**Work request**: Strip the pictures and reproduce the rest of the listing exactly.

START Stored data

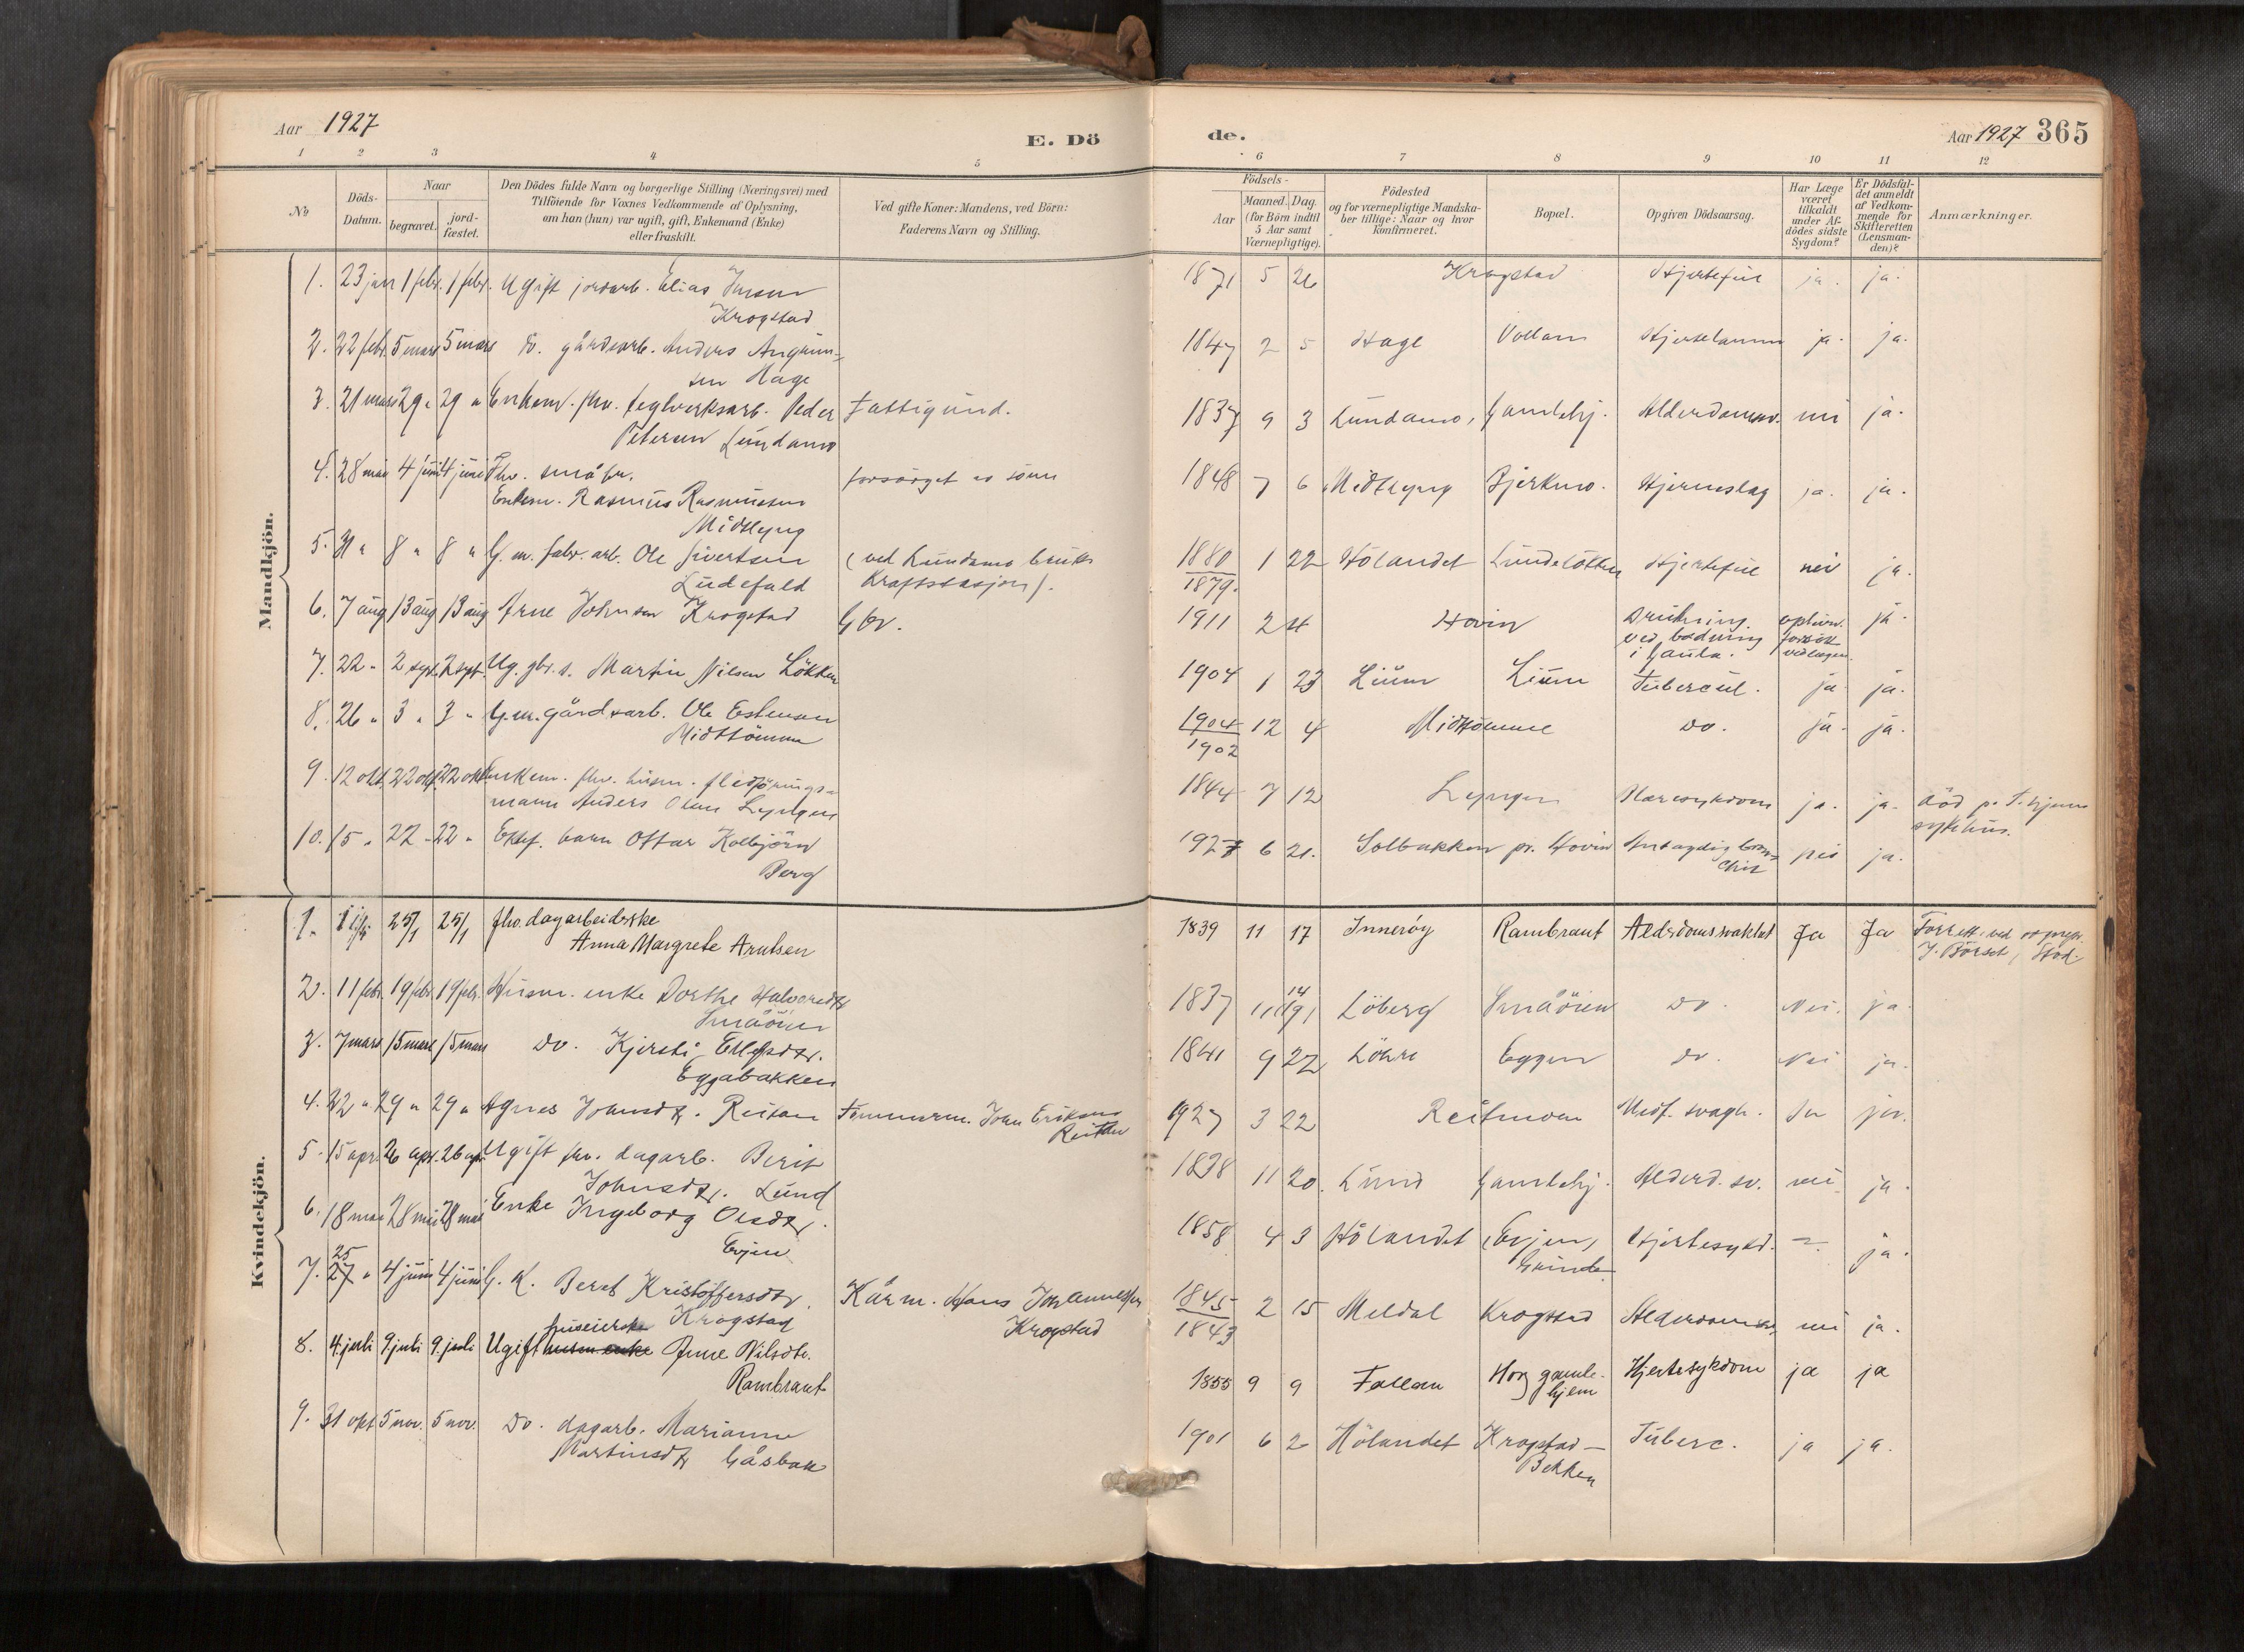 SAT, Ministerialprotokoller, klokkerbøker og fødselsregistre - Sør-Trøndelag, 692/L1105b: Ministerialbok nr. 692A06, 1891-1934, s. 365
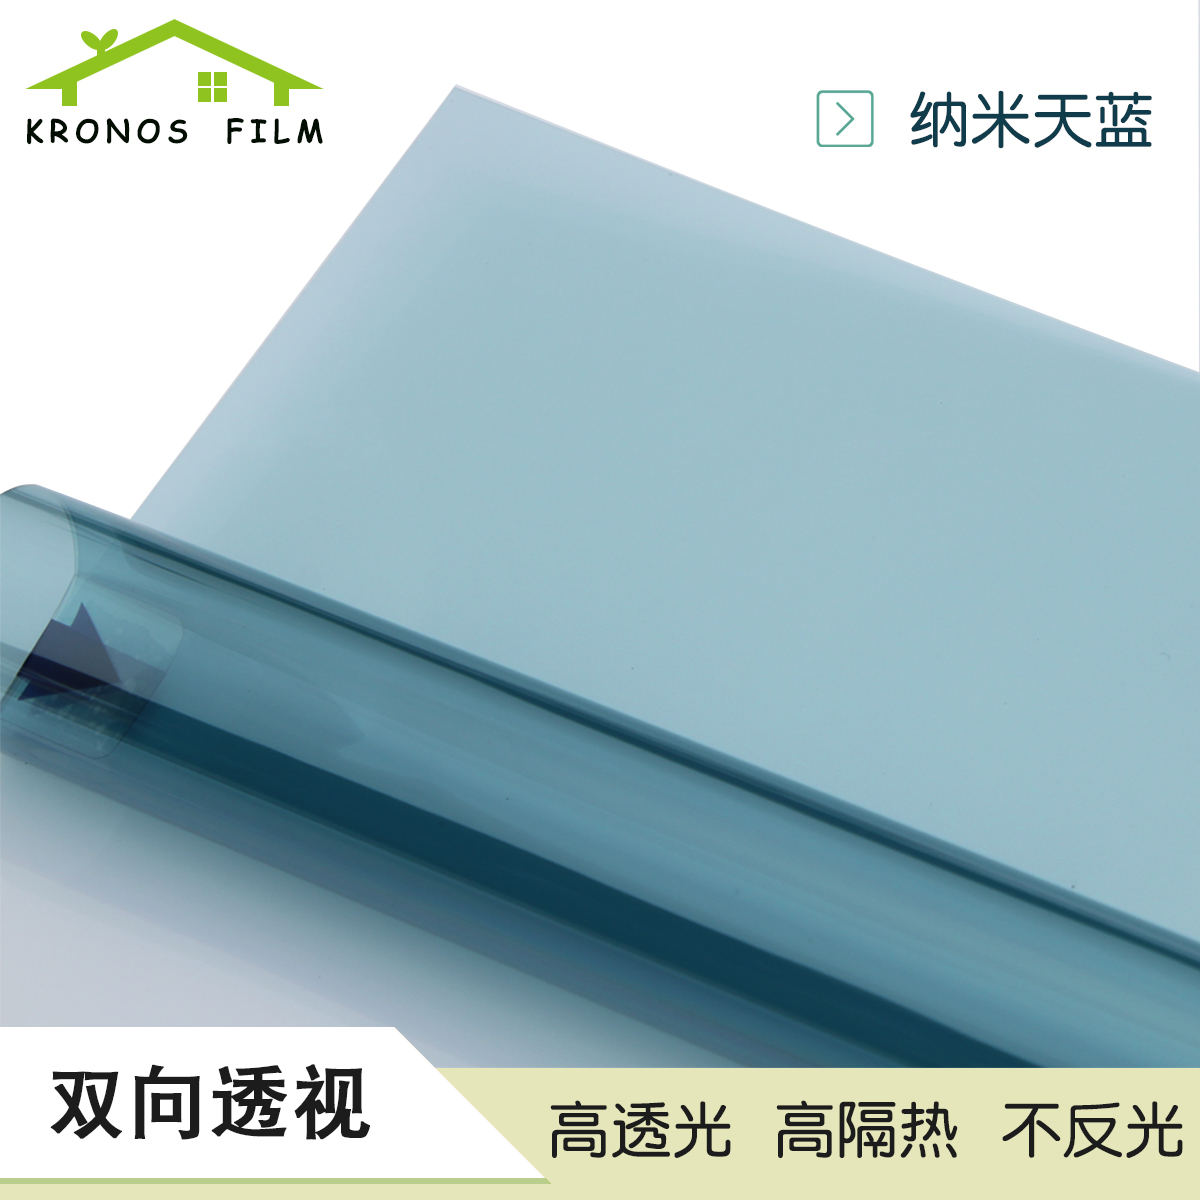 玻璃贴膜高透光贴纸阳光房双向透视膜防爆隔热膜阳台 窗户太阳膜
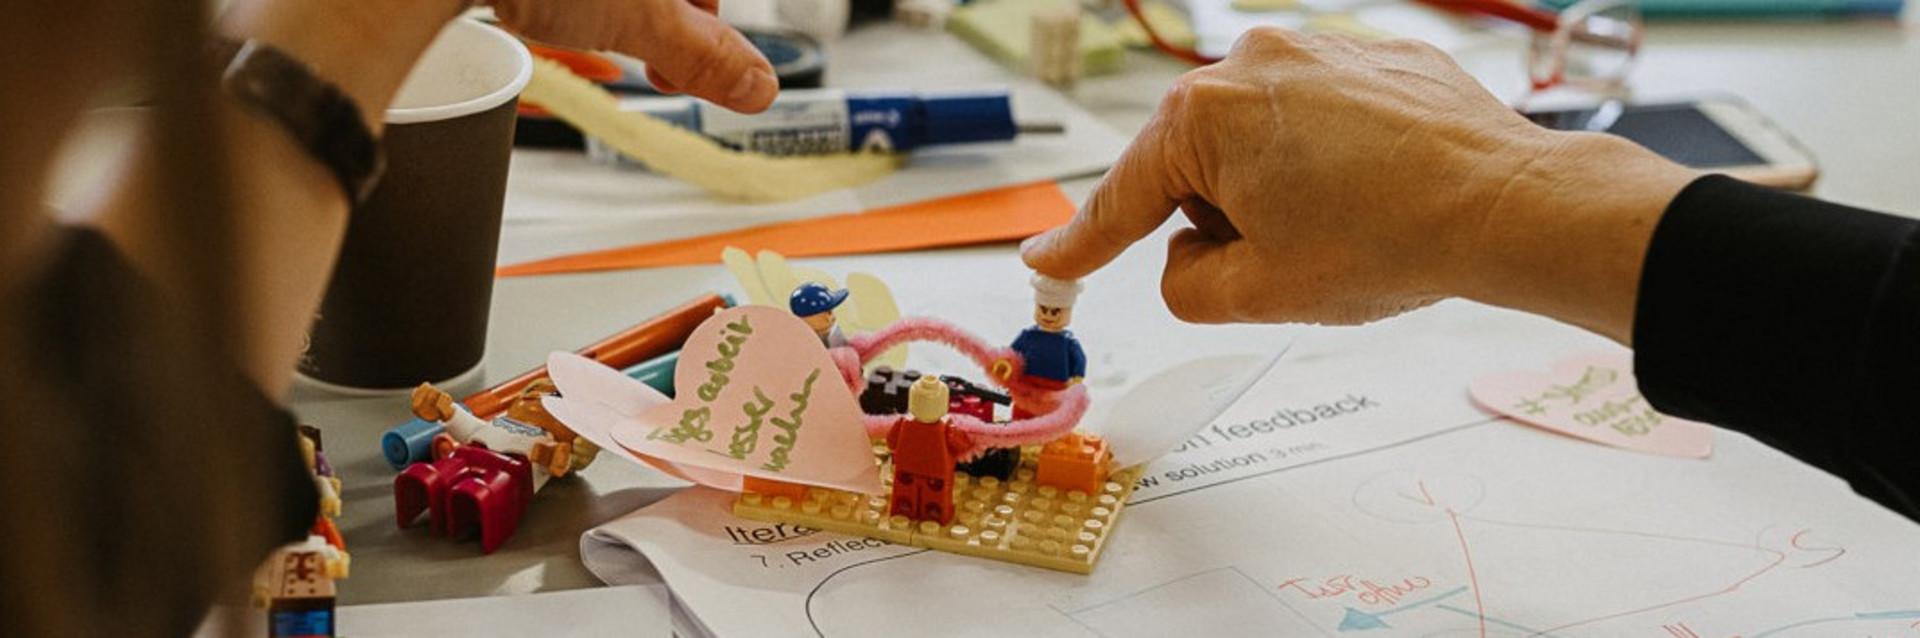 Legobausteine und Hände als Symbolbild für das Bauen von Prototypen
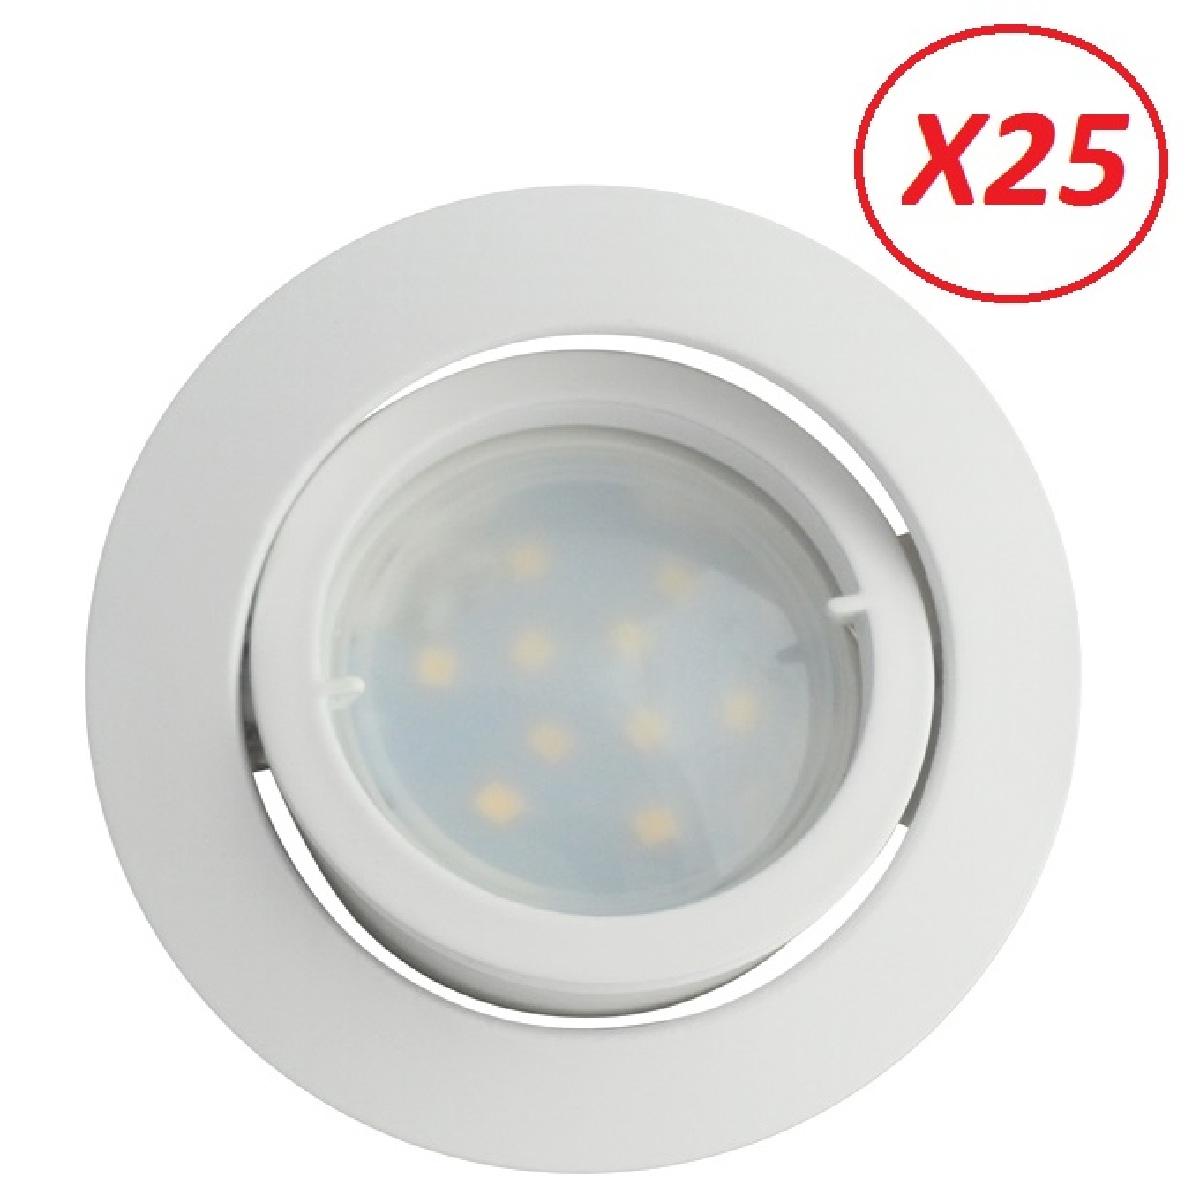 Lampesecoenergie Lot de 25 Spot Led Encastrable Complete Blanc Orientable lumière Blanc Neutre eq. 50W ref.888

END Stored data

**Solution to the problem**:
 SAT, Ministerialprotokoller, klokkerbøker og fødselsregistre - Sør-Trøndelag, 692/L1105b: Ministerialbok nr. 692A06, 1891-1934, s. 365
 玻璃贴膜高透光贴纸阳光房双向透视膜防爆隔热膜阳台 窗户太阳膜
 Legobausteine und Hände als Symbolbild für das Bauen von Prototypen
 Lampesecoenergie Lot de 25 Spot Led Encastrable Complete Blanc Orientable lumière Blanc Neutre eq. 50W ref.888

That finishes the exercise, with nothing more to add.